Nvidia’s GeForce global PR director Ben Berraondo said the issue impacts less than 0.5 per cent of the affected GPUs, with one fewer ROP (Raster Operation Pipeline) than specified.
He assured that the average graphical performance impact is only around four per cent, with no effect on AI or compute workloads. The issue has since been corrected in production, and impacted customers can contact their board manufacturer for a replacement.
According to the company, affected users will be eligible for a replacement.
While the number of faulty GPUs is relatively small, this is yet another problem added to Nvidia’s growing list of headaches with its latest high-end graphics cards.
The launch has already been plagued by driver issues, including ongoing blackscreen problems that Nvidia is still investigating. There have also been reports of melting power connectors.
The flaw was not limited to a single manufacturer. Reports of missing ROPs have surfaced from multiple board partners, including Zotac, MSI, Gigabyte, and Manli, as well as an Nvidia Founders Edition card.

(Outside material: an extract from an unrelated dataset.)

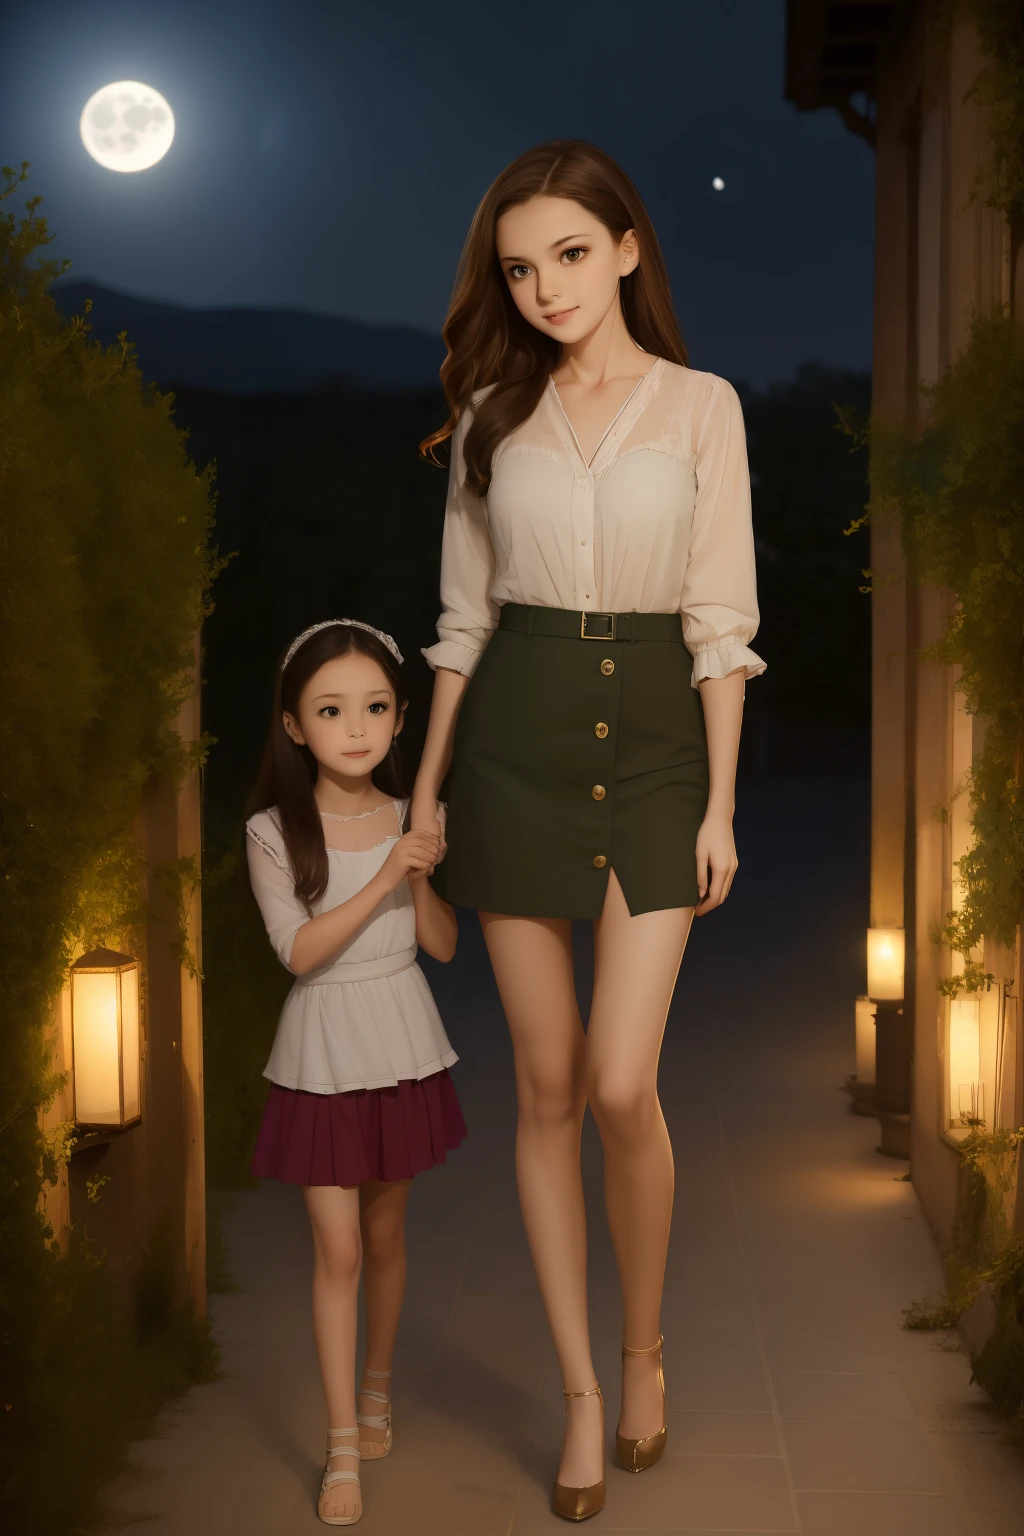 full figure sexy full figure  skinny mom 33 years old  woman whit 13 years old daughter at a  inside a palladian villa, wearing very short miniskirt, micro top, light brown hair and dark green eyes
. cinematic, moonlight, night,

Users who suspect their card might be affected can check using GPU-Z to verify whether it displays the correct 176 ROPs. If fewer are shown, a replacement is likely necessary.
Update: Nvidia's Ben Berraondo, GeForce Global PR Director, has confirmed that some GeForce RTX 5080 GPUs are also affected by the same issue that has plagued the RTX 5090, RTX 5090D and RTX 5070 Ti graphics cards. The GeForce RTX 5080 came with 104 instead of 112 ROPs.
Upon further investigation, we've identified that an early production build of GeForce RTX 5080 GPUs were also affected by the same issue. Affected consumers can contact the board manufacturer for a replacement.